I'd actually quite like a metal/leather one. And no, a case/protector just
isn't the same.

Do people here remember the Nokias where you could buy different facias,
backs, etc - They kinda separated the case in that way which I thought was a
step forward. And if the facia gets scratched you just bought a new one and
slotted it in.

------
jrockway
Please, HTC, no more ad-libbing your own user interfaces They suck and are
hard to remove. We all call it nonSense for a reason. Stick to making
hardware, and let Google handle the software. It's cheaper and your users will
be happier. (Just once I would like to buy a phone that I don't have to
reflash as soon as I bring it home. Should have gotten an N1, I guess.)
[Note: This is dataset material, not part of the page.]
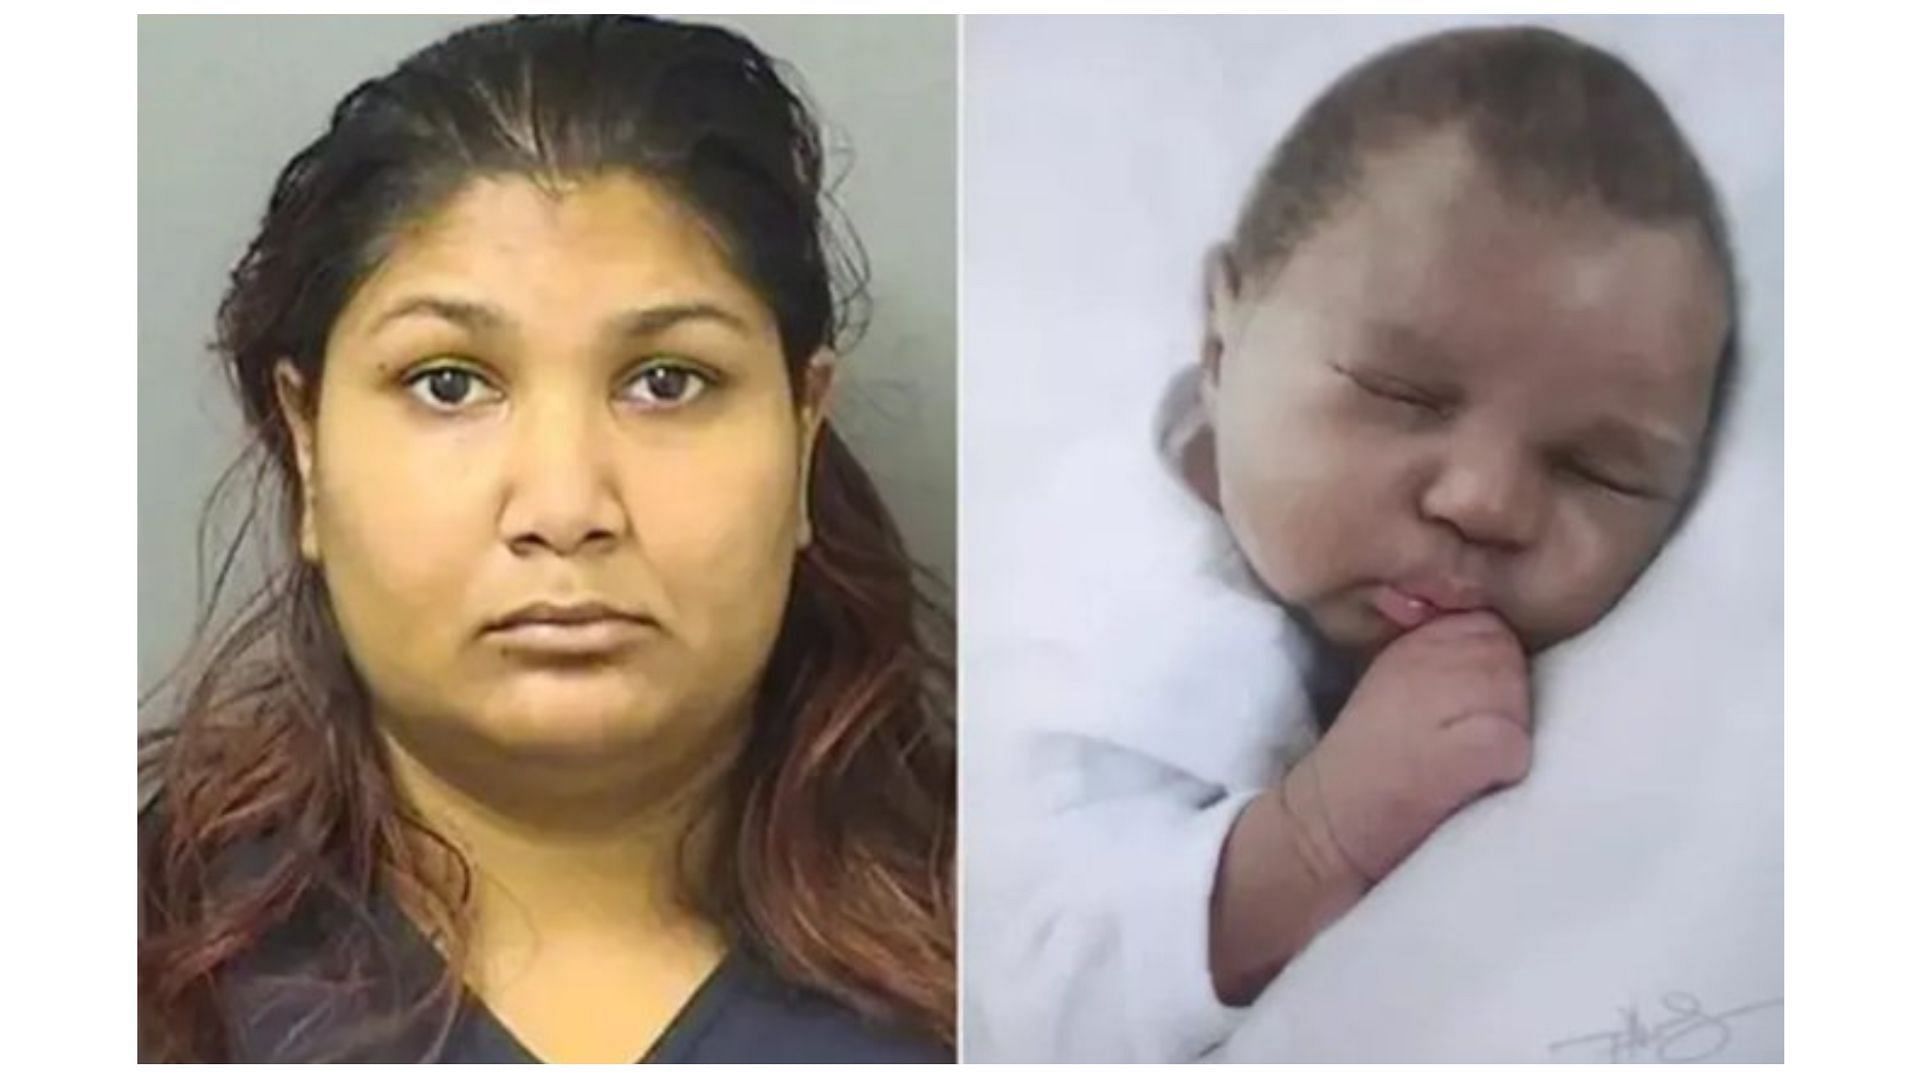 Arya Singh arrested for tossing her infant in water, (Images via Palm Beach County Sheriff)
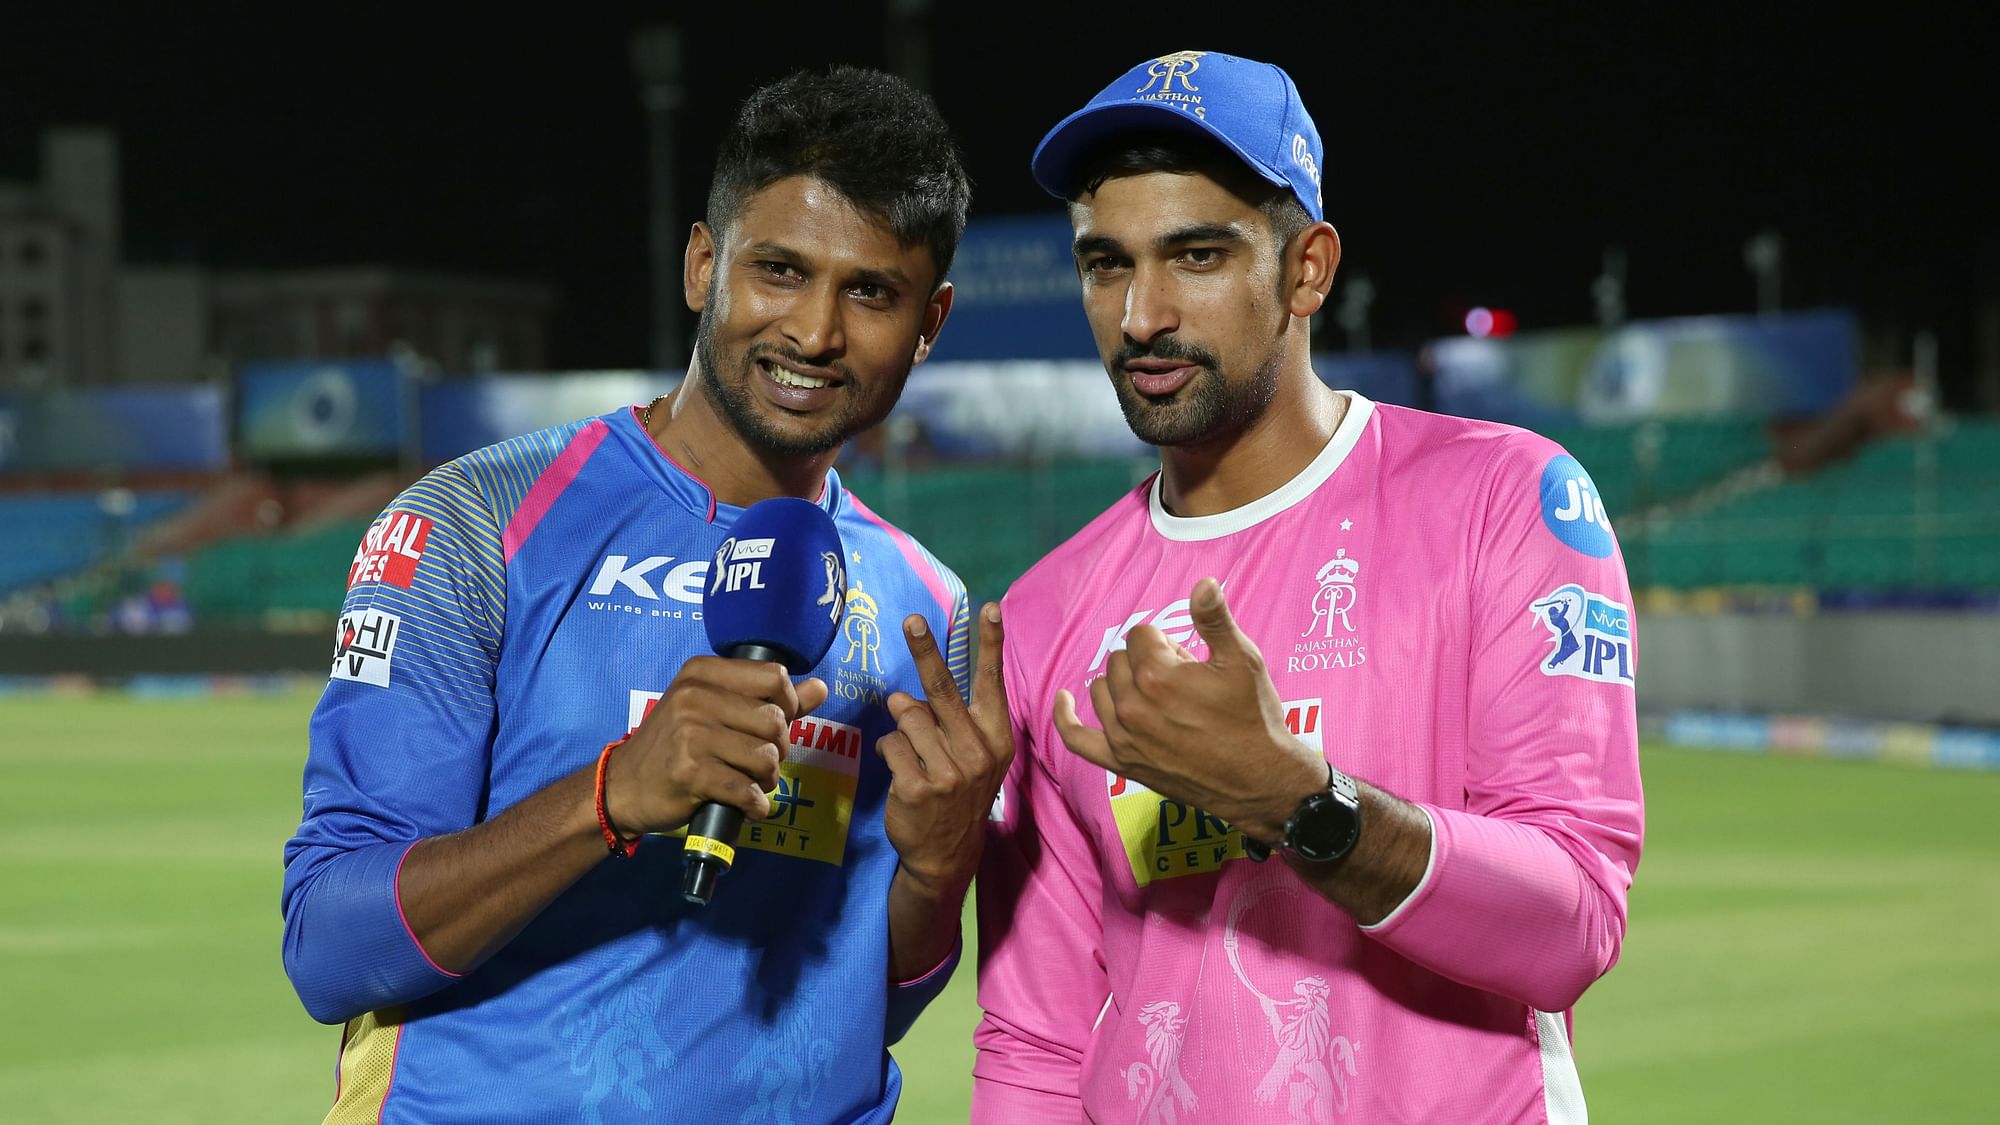 Rajasthan Royals have posted a video with Ish Sodhi rapping lines on his team-mates

Hardware-wise, this concept is not too compelling. Needs physical buttons.
Needs the trackball. I don't want to pay for stereo sound or the ability to
turn into an alarm clock. Give me battery life and a higher-res screen
instead. I don't want gimmicks, I want a solid phone that always works and
doesn't get in my way.

I agree that they should make their "premium" phones out of metal, though. I
think Apple is leading the way here (with a metal case and a very high-res
screen), and that HTC is just going to copy. But that's fine, an Android-based
iPhone 4 clone with WiMax will be phenomenal.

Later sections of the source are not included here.